THE TASK
Reproduce the data below exactly. Skip the pictures.

INPUT DATA
++++++++
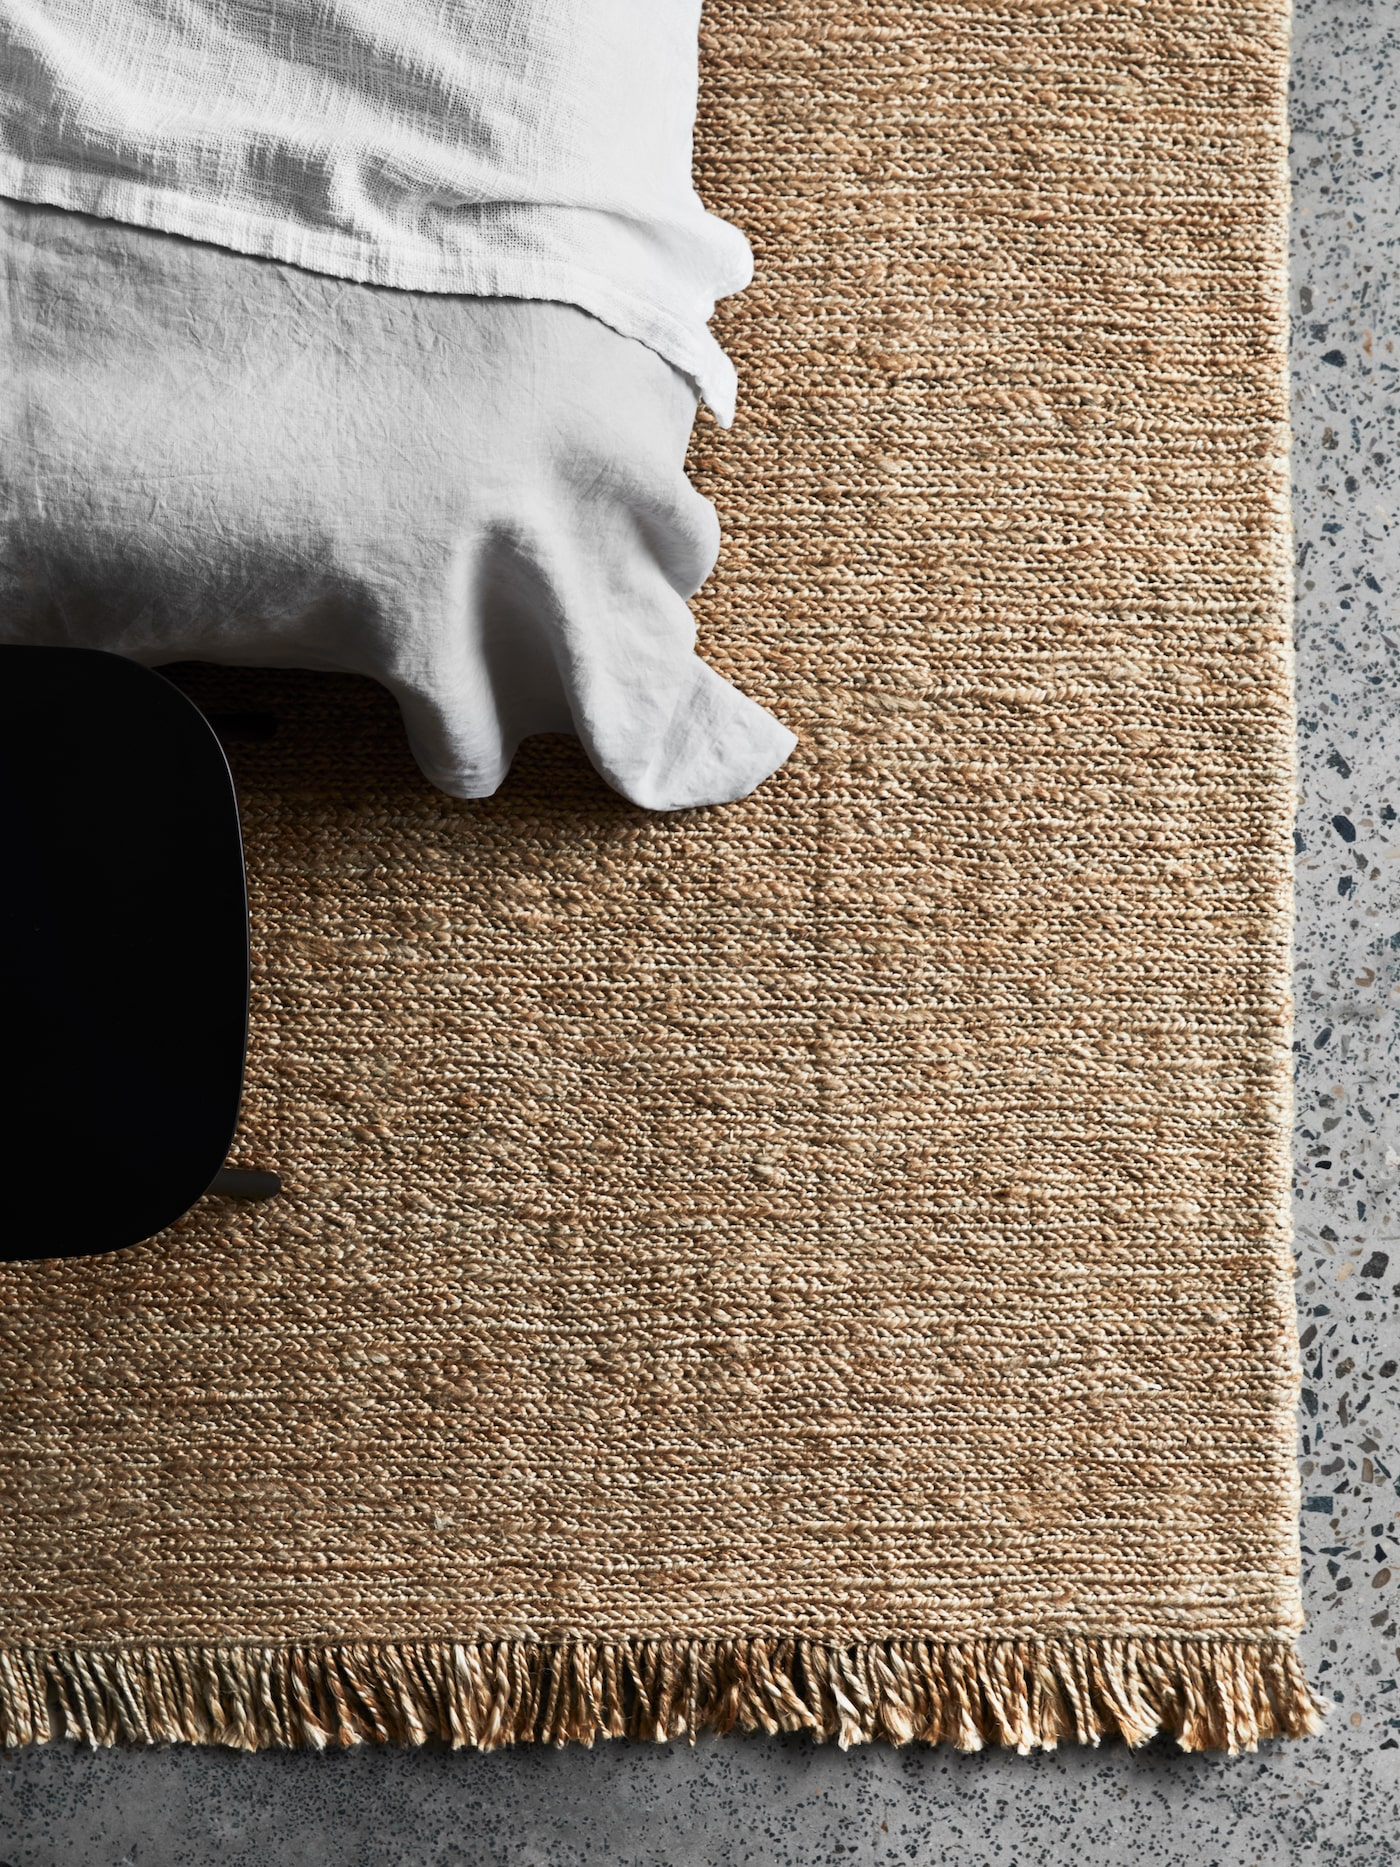 Natural rug on concrete floor under bed
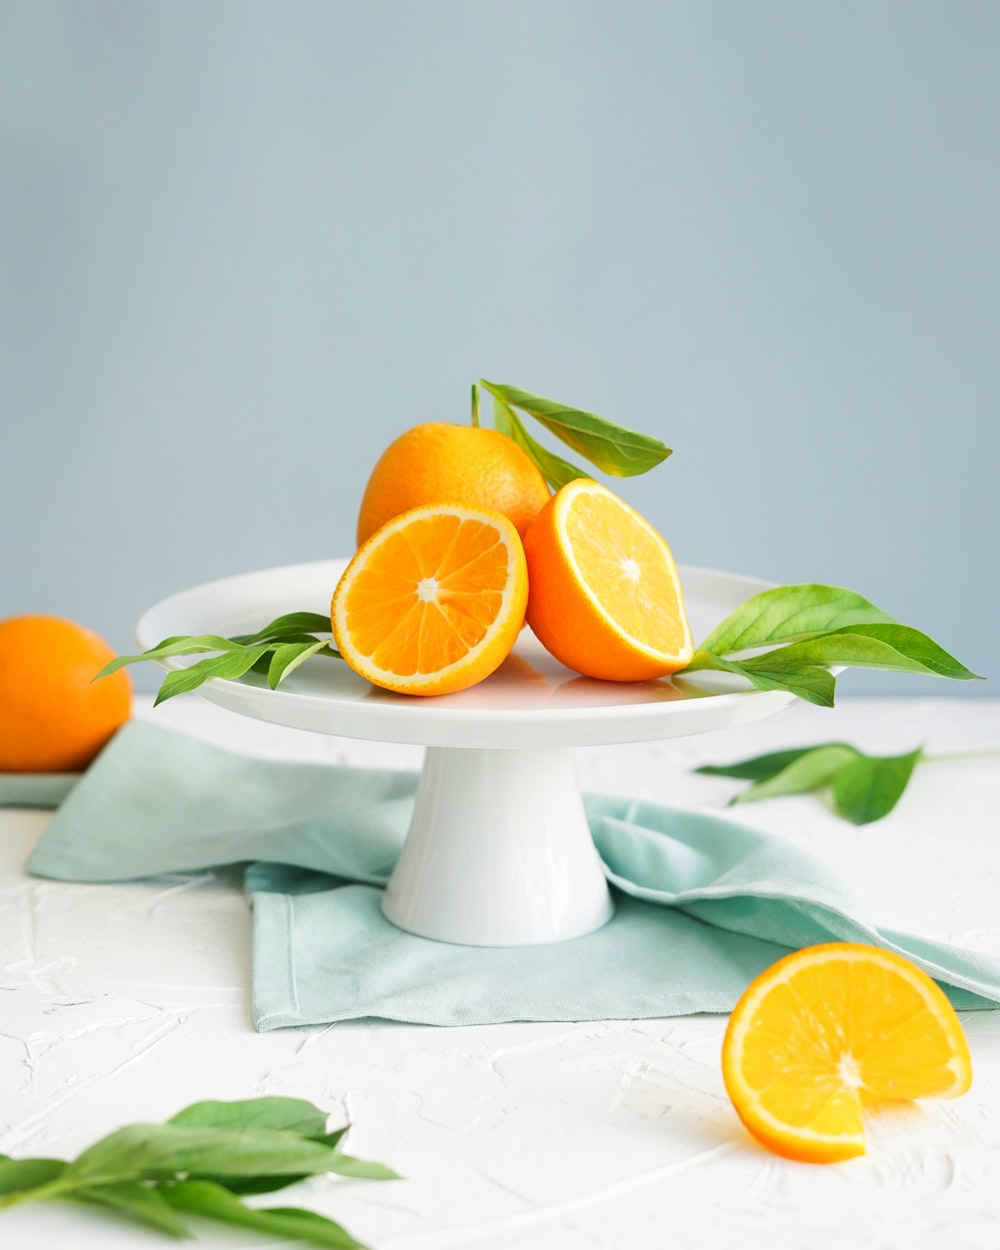 orange fruit in white ceramic plate close-up photography
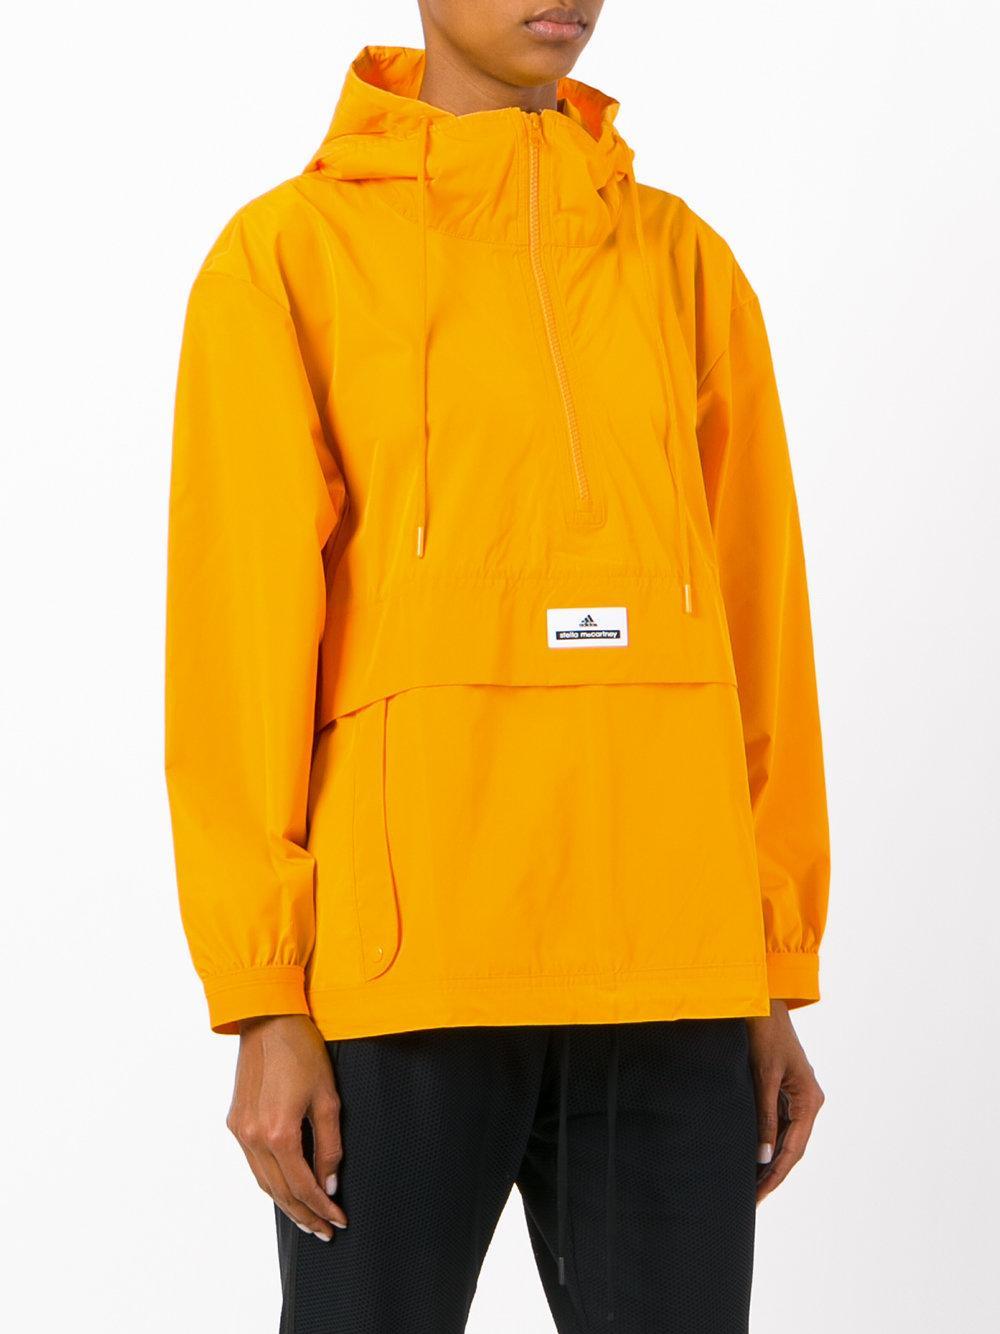 Adidas By Stella Mccartney Hooded Shell Jacket Women
++++++++
OUTPUT FOR THIS EXERCISE
 Natural rug on concrete floor under bed
 orange fruit in white ceramic plate close-up photography
 Adidas By Stella Mccartney Hooded Shell Jacket Women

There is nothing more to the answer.